TASK DIRECTIONS.
Type out the data exactly as given. Skip any image.

DATA SECTION.

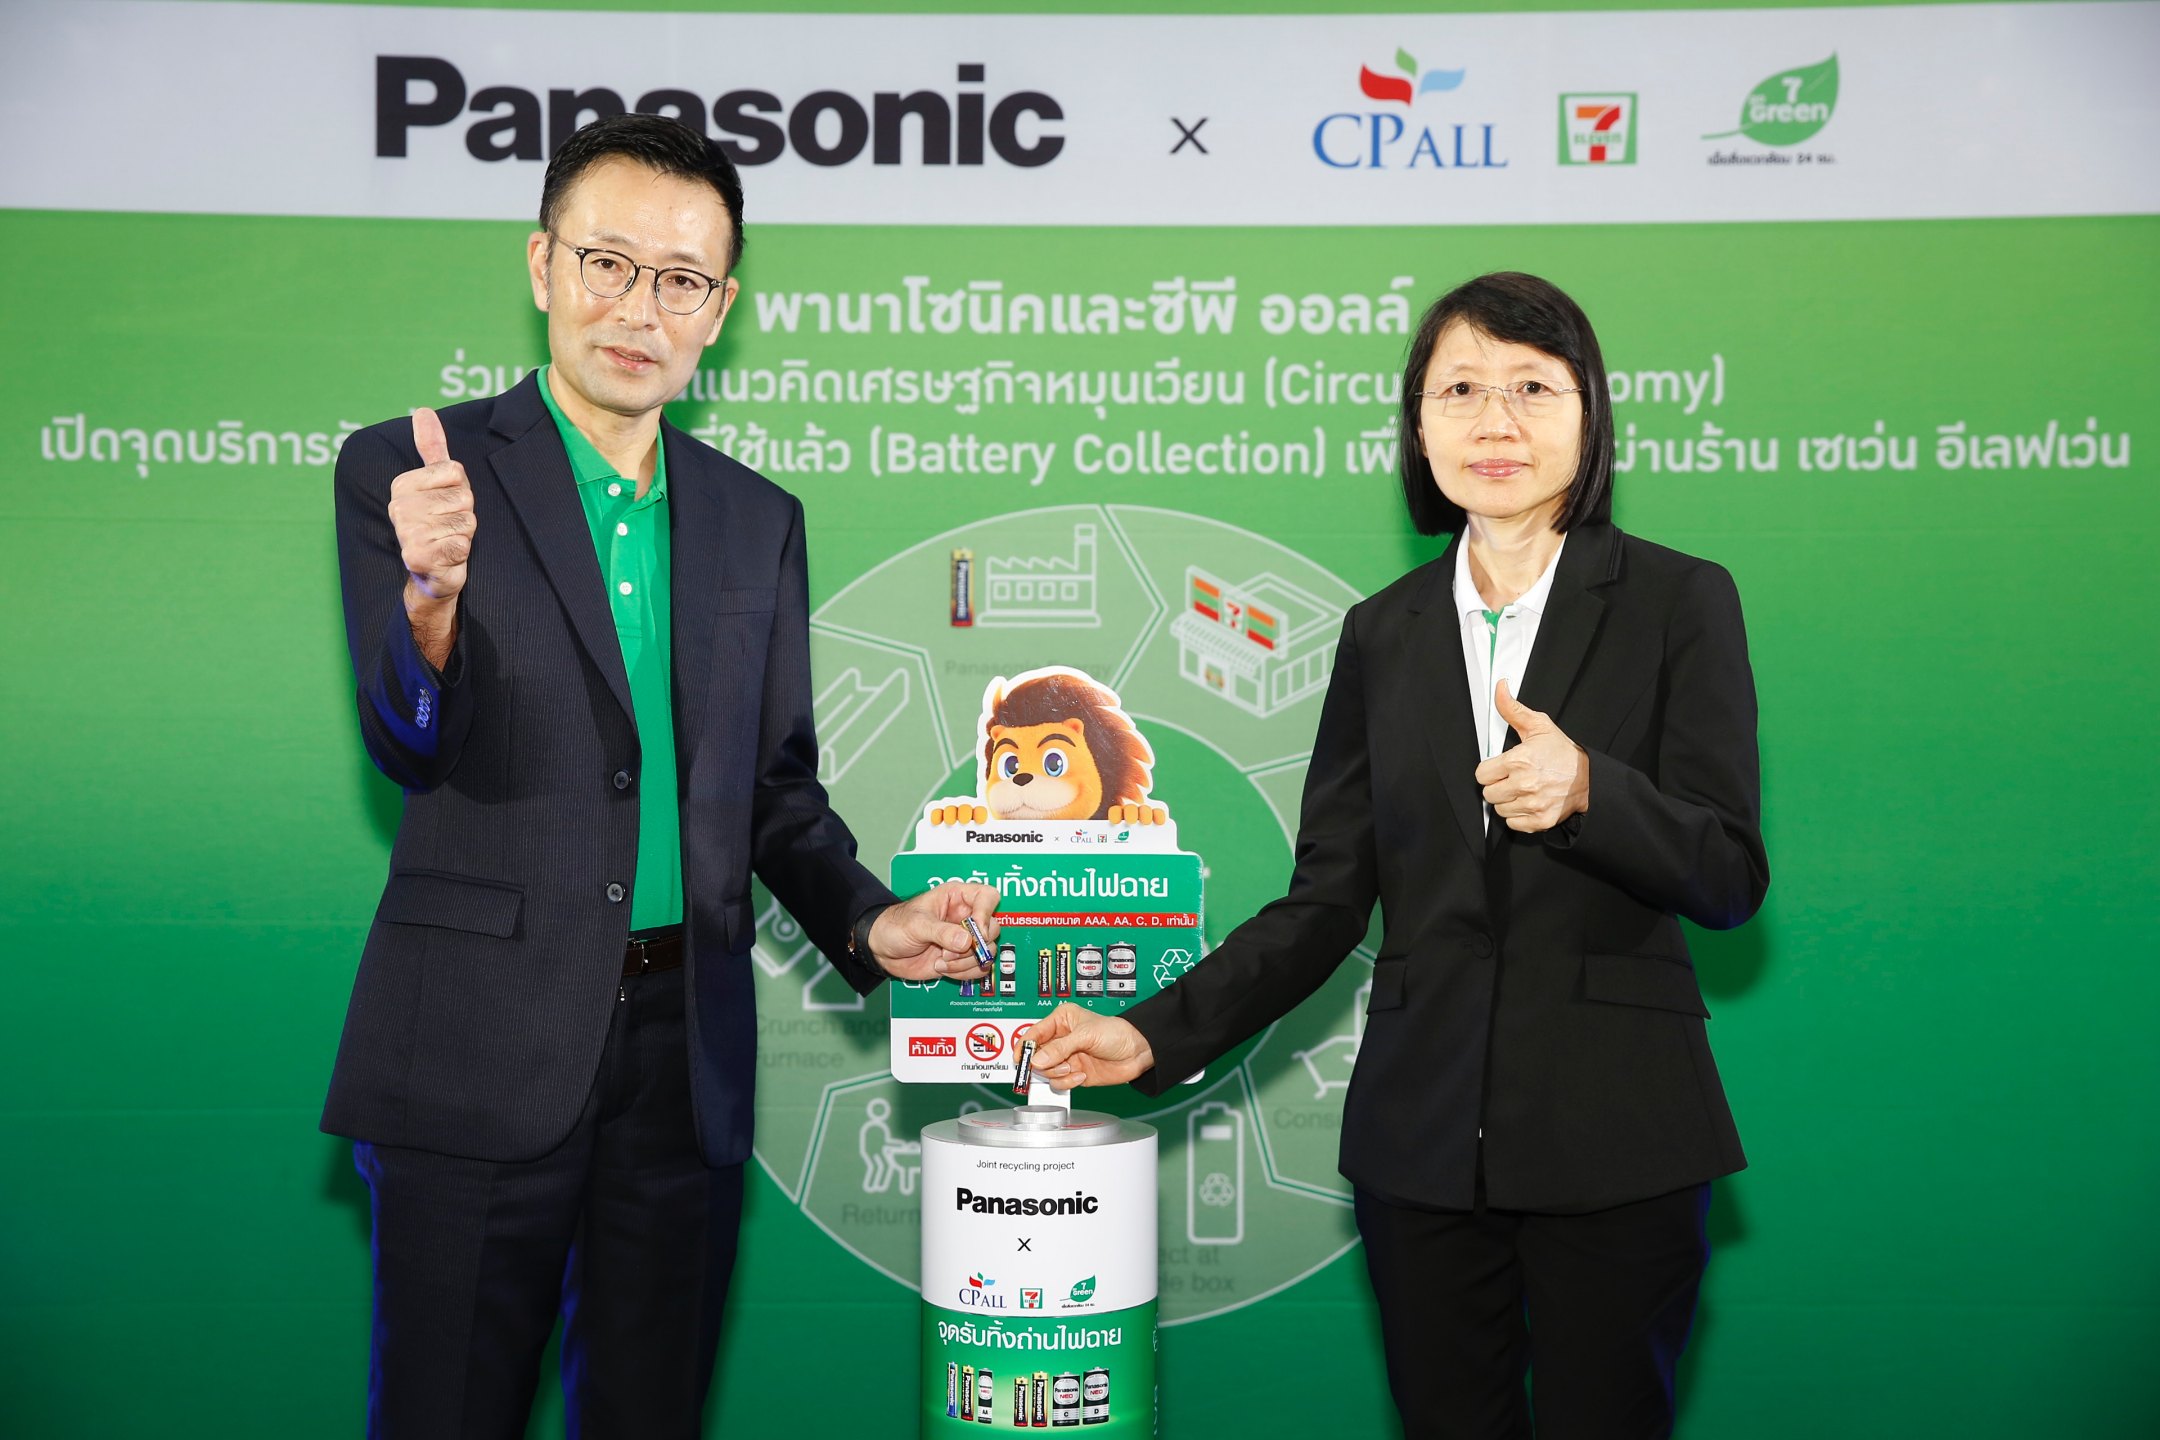 Panasonic-CPALL-Battery Collection-มาซาโอะ  ซาซาดะ-อภิญญา บัญญัติทัศไนย
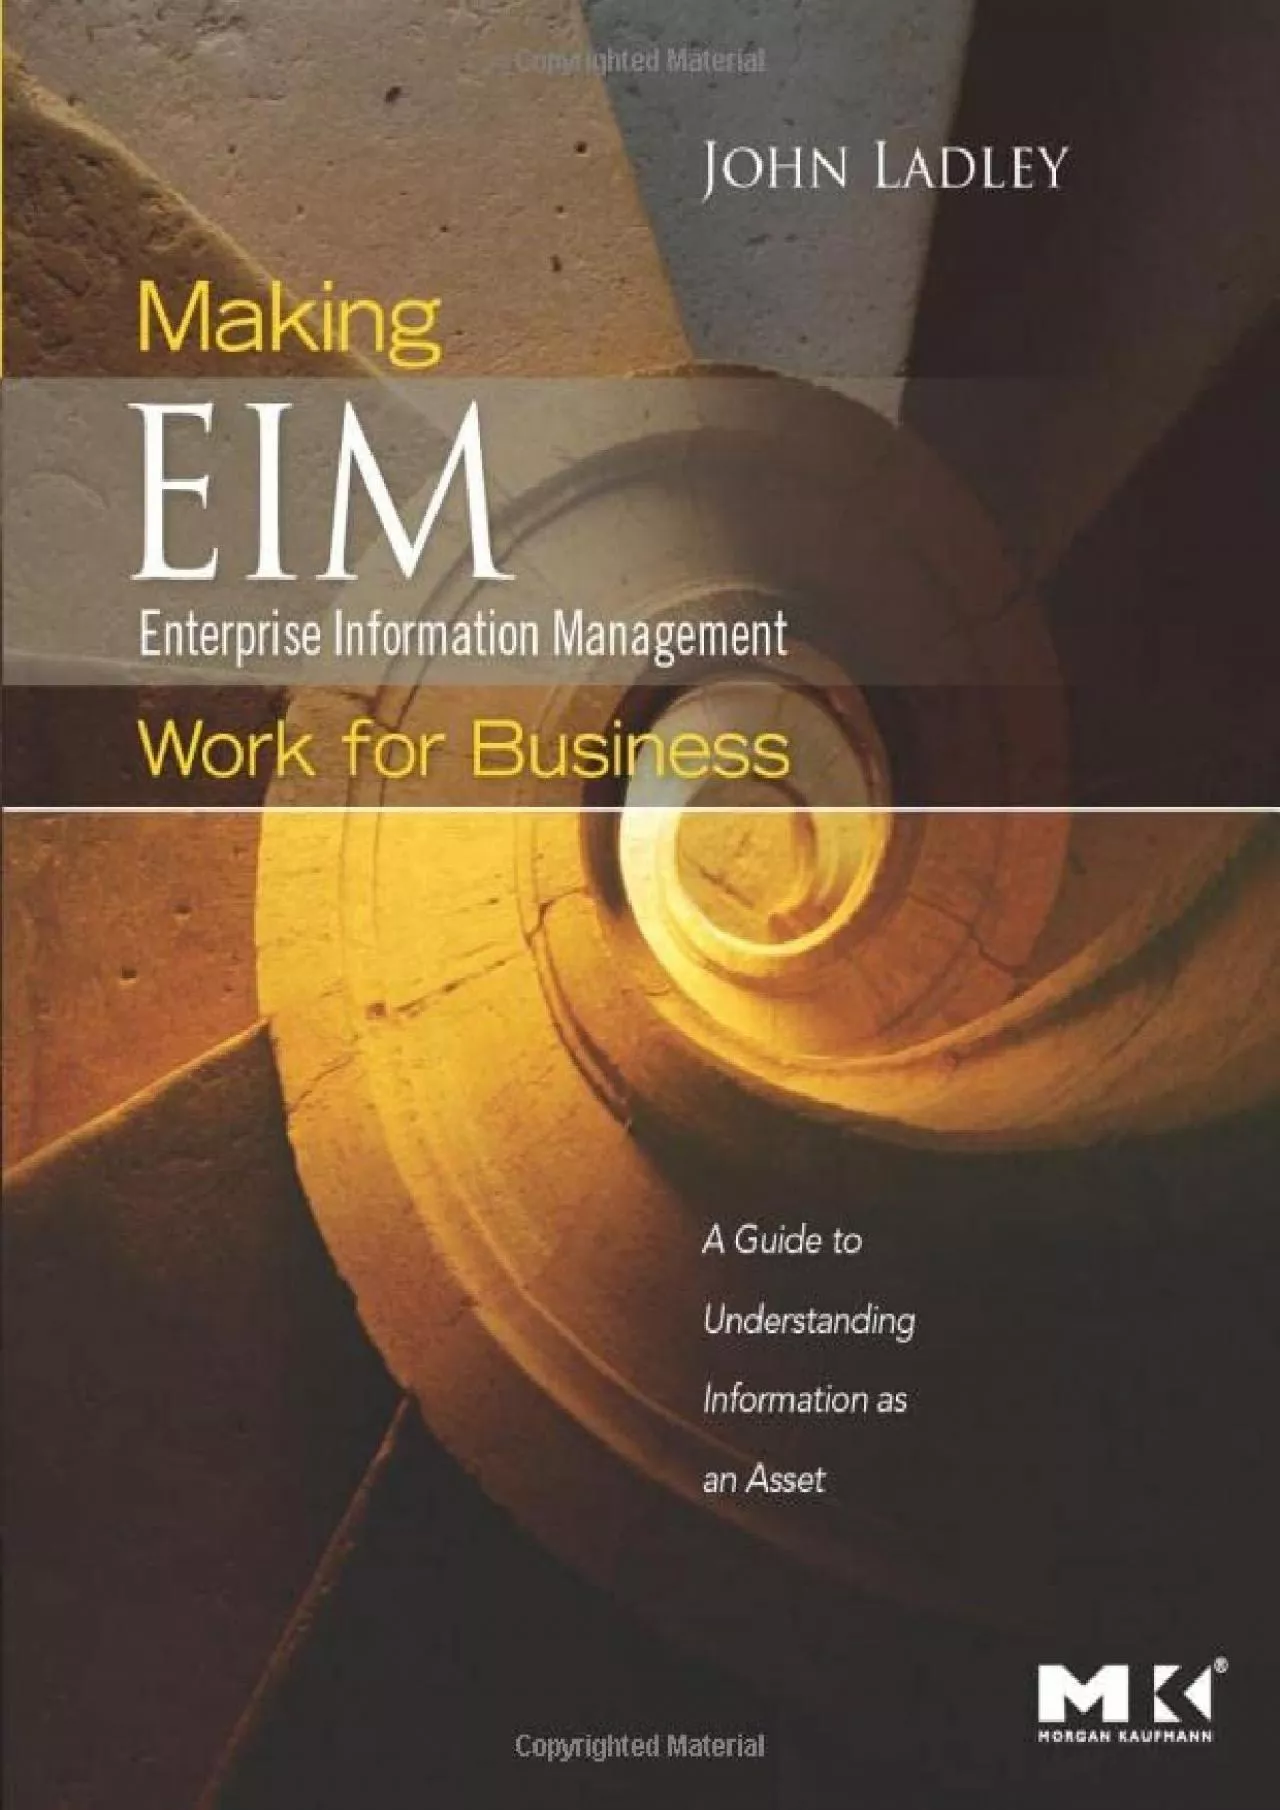 Making Enterprise Information Management (EIM) Work for Business: A Guide to Understanding
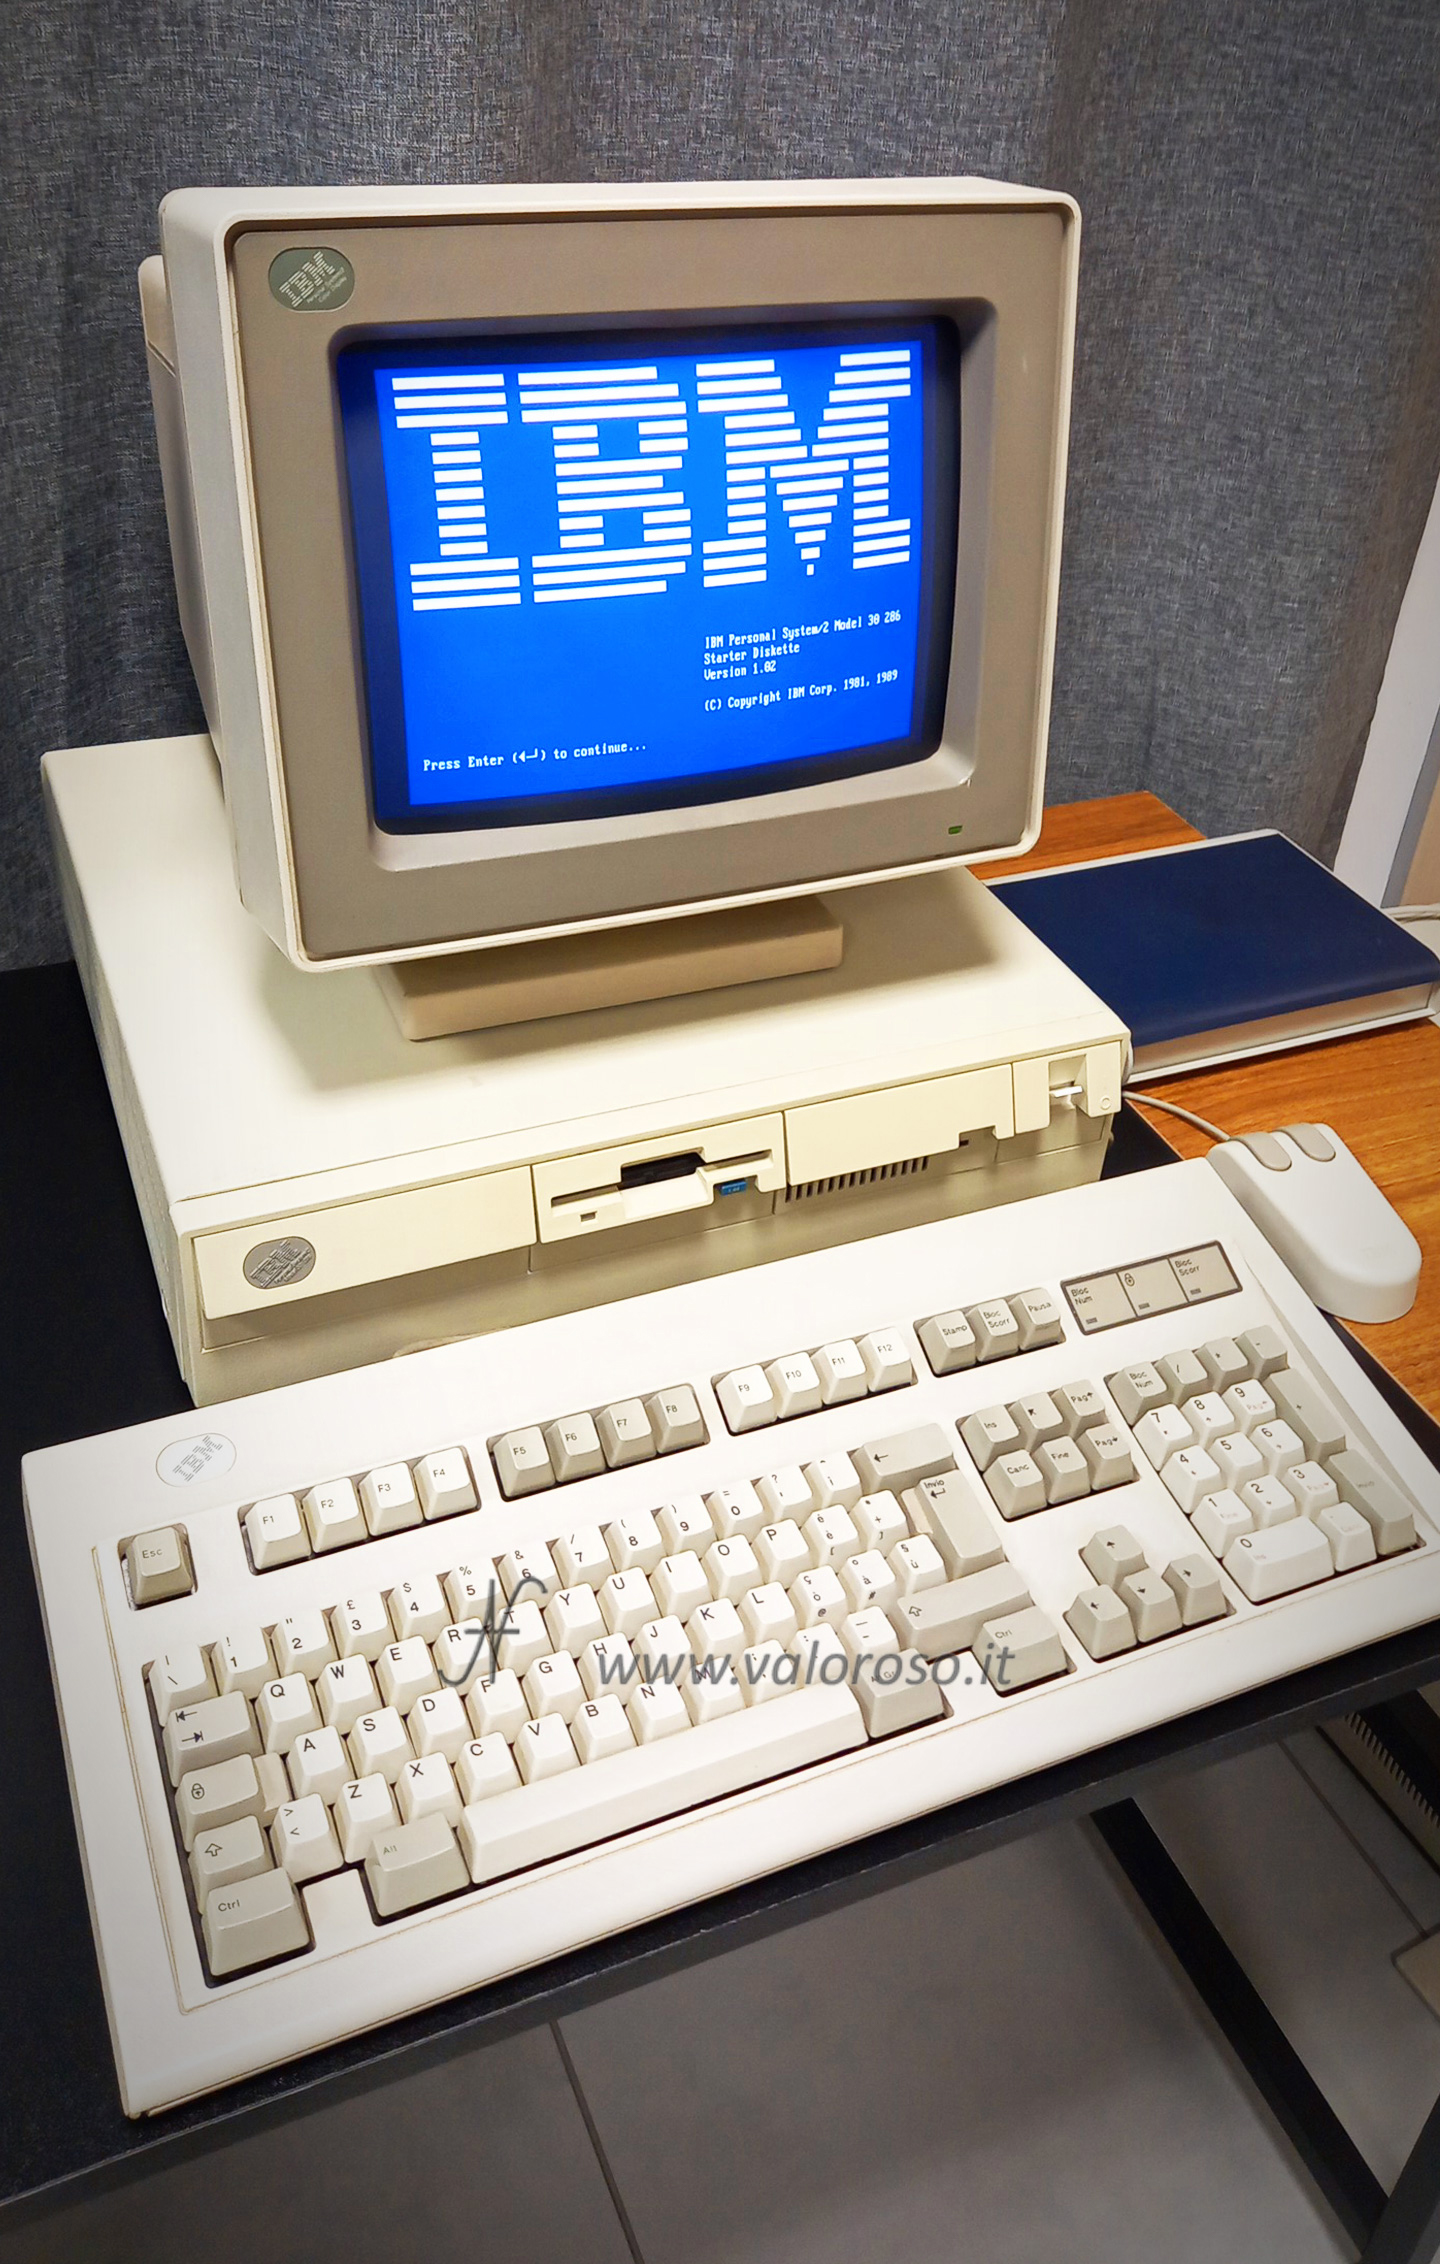 IBM PS2 model 30 286, Startup Disk, Intel 80286 286

ANSWER FOR THE TASK.
 Panasonic-CPALL-Battery Collection-มาซาโอะ  ซาซาดะ-อภิญญา บัญญัติทัศไนย
 Making Enterprise Information Management (EIM) Work for Business: A Guide to Understanding
 IBM PS2 model 30 286, Startup Disk, Intel 80286 286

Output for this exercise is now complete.